**Available records**
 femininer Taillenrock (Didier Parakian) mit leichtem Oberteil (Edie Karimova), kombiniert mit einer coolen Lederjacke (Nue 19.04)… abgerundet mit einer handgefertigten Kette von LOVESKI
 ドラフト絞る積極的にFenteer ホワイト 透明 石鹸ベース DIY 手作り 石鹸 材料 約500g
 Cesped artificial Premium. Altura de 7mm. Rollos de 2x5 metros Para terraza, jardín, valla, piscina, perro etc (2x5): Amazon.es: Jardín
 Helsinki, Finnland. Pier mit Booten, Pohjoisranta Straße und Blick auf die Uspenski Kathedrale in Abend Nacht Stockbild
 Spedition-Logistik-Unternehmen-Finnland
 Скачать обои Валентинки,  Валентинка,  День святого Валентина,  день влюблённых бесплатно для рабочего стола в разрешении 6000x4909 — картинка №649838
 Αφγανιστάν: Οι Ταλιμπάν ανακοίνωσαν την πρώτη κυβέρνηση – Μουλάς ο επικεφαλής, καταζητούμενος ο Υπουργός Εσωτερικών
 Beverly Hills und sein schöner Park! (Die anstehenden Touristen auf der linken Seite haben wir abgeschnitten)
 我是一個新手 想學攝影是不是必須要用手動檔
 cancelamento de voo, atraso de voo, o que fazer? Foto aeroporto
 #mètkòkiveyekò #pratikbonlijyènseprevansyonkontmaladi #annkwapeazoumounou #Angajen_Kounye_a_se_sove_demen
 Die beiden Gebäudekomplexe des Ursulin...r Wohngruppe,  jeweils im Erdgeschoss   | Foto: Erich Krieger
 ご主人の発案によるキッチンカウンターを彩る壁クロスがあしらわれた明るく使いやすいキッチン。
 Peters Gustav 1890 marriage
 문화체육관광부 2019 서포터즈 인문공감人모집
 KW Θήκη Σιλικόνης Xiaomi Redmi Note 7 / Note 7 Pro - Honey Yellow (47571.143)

**About this exercise**
All the lines above should appear again in the answer, exactly as written.

**Output**
 femininer Taillenrock (Didier Parakian) mit leichtem Oberteil (Edie Karimova), kombiniert mit einer coolen Lederjacke (Nue 19.04)… abgerundet mit einer handgefertigten Kette von LOVESKI
 ドラフト絞る積極的にFenteer ホワイト 透明 石鹸ベース DIY 手作り 石鹸 材料 約500g
 Cesped artificial Premium. Altura de 7mm. Rollos de 2x5 metros Para terraza, jardín, valla, piscina, perro etc (2x5): Amazon.es: Jardín
 Helsinki, Finnland. Pier mit Booten, Pohjoisranta Straße und Blick auf die Uspenski Kathedrale in Abend Nacht Stockbild
 Spedition-Logistik-Unternehmen-Finnland
 Скачать обои Валентинки,  Валентинка,  День святого Валентина,  день влюблённых бесплатно для рабочего стола в разрешении 6000x4909 — картинка №649838
 Αφγανιστάν: Οι Ταλιμπάν ανακοίνωσαν την πρώτη κυβέρνηση – Μουλάς ο επικεφαλής, καταζητούμενος ο Υπουργός Εσωτερικών
 Beverly Hills und sein schöner Park! (Die anstehenden Touristen auf der linken Seite haben wir abgeschnitten)
 我是一個新手 想學攝影是不是必須要用手動檔
 cancelamento de voo, atraso de voo, o que fazer? Foto aeroporto
 #mètkòkiveyekò #pratikbonlijyènseprevansyonkontmaladi #annkwapeazoumounou #Angajen_Kounye_a_se_sove_demen
 Die beiden Gebäudekomplexe des Ursulin...r Wohngruppe,  jeweils im Erdgeschoss   | Foto: Erich Krieger
 ご主人の発案によるキッチンカウンターを彩る壁クロスがあしらわれた明るく使いやすいキッチン。
 Peters Gustav 1890 marriage
 문화체육관광부 2019 서포터즈 인문공감人모집
 KW Θήκη Σιλικόνης Xiaomi Redmi Note 7 / Note 7 Pro - Honey Yellow (47571.143)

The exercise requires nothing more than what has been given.